-- Provided entries follows --

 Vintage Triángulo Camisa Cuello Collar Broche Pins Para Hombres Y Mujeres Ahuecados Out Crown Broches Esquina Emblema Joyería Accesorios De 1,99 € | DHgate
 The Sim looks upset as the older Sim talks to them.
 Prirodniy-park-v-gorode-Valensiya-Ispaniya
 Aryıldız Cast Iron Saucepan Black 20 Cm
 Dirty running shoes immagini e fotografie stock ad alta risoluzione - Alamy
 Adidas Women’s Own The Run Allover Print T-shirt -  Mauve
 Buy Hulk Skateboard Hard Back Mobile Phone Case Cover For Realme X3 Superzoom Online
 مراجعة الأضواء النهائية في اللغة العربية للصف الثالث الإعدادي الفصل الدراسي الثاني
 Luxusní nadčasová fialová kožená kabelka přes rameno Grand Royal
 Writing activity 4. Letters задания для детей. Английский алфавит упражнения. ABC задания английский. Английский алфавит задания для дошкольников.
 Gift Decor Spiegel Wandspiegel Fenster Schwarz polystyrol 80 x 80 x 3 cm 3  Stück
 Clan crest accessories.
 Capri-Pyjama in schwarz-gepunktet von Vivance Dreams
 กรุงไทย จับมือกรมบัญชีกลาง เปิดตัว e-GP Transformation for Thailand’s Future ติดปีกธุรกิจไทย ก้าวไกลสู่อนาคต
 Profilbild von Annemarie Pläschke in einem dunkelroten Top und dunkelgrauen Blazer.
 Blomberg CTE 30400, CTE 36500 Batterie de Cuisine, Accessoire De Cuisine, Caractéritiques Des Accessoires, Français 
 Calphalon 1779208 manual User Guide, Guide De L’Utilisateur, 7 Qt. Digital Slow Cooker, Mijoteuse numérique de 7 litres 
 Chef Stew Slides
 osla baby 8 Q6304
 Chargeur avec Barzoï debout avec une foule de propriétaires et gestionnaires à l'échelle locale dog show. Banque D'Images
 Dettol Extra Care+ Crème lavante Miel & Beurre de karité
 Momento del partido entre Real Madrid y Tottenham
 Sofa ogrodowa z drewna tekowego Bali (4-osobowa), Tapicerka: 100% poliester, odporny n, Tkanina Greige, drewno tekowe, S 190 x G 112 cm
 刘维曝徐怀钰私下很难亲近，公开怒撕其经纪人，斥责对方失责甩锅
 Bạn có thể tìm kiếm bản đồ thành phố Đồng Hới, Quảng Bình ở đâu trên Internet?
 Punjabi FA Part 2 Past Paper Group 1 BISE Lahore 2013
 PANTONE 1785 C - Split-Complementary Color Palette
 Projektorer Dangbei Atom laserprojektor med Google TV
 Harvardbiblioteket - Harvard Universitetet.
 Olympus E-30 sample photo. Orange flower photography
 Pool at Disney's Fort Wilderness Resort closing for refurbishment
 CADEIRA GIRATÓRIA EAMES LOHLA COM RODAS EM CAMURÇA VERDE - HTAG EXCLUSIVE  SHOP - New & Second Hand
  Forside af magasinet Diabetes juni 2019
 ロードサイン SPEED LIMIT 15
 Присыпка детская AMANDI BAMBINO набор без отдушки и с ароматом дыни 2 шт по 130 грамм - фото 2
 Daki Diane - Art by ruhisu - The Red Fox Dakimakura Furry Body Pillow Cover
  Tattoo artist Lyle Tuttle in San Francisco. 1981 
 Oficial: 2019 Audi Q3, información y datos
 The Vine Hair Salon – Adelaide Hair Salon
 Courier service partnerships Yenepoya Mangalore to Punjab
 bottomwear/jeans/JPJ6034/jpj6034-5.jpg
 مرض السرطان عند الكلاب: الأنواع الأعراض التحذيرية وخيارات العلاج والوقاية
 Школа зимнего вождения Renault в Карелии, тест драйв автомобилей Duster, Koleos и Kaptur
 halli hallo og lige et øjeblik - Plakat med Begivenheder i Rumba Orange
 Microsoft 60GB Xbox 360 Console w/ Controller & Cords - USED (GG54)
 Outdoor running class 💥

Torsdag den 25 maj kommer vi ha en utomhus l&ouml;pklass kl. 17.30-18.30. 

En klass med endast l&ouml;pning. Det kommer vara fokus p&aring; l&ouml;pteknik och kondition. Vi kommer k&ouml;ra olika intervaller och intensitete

-- Provided entries concluded --

» What to produce
The expected output is exactly the lines of the listing above between the line holding "Blomberg CTE 30400, CTE" and the line holding "Школа зимнего вождения", inclusive.

» Answer to this problem
 Blomberg CTE 30400, CTE 36500 Batterie de Cuisine, Accessoire De Cuisine, Caractéritiques Des Accessoires, Français 
 Calphalon 1779208 manual User Guide, Guide De L’Utilisateur, 7 Qt. Digital Slow Cooker, Mijoteuse numérique de 7 litres 
 Chef Stew Slides
 osla baby 8 Q6304
 Chargeur avec Barzoï debout avec une foule de propriétaires et gestionnaires à l'échelle locale dog show. Banque D'Images
 Dettol Extra Care+ Crème lavante Miel & Beurre de karité
 Momento del partido entre Real Madrid y Tottenham
 Sofa ogrodowa z drewna tekowego Bali (4-osobowa), Tapicerka: 100% poliester, odporny n, Tkanina Greige, drewno tekowe, S 190 x G 112 cm
 刘维曝徐怀钰私下很难亲近，公开怒撕其经纪人，斥责对方失责甩锅
 Bạn có thể tìm kiếm bản đồ thành phố Đồng Hới, Quảng Bình ở đâu trên Internet?
 Punjabi FA Part 2 Past Paper Group 1 BISE Lahore 2013
 PANTONE 1785 C - Split-Complementary Color Palette
 Projektorer Dangbei Atom laserprojektor med Google TV
 Harvardbiblioteket - Harvard Universitetet.
 Olympus E-30 sample photo. Orange flower photography
 Pool at Disney's Fort Wilderness Resort closing for refurbishment
 CADEIRA GIRATÓRIA EAMES LOHLA COM RODAS EM CAMURÇA VERDE - HTAG EXCLUSIVE  SHOP - New & Second Hand
  Forside af magasinet Diabetes juni 2019
 ロードサイン SPEED LIMIT 15
 Присыпка детская AMANDI BAMBINO набор без отдушки и с ароматом дыни 2 шт по 130 грамм - фото 2
 Daki Diane - Art by ruhisu - The Red Fox Dakimakura Furry Body Pillow Cover
  Tattoo artist Lyle Tuttle in San Francisco. 1981 
 Oficial: 2019 Audi Q3, información y datos
 The Vine Hair Salon – Adelaide Hair Salon
 Courier service partnerships Yenepoya Mangalore to Punjab
 bottomwear/jeans/JPJ6034/jpj6034-5.jpg
 مرض السرطان عند الكلاب: الأنواع الأعراض التحذيرية وخيارات العلاج والوقاية
 Школа зимнего вождения Renault в Карелии, тест драйв автомобилей Duster, Koleos и Kaptur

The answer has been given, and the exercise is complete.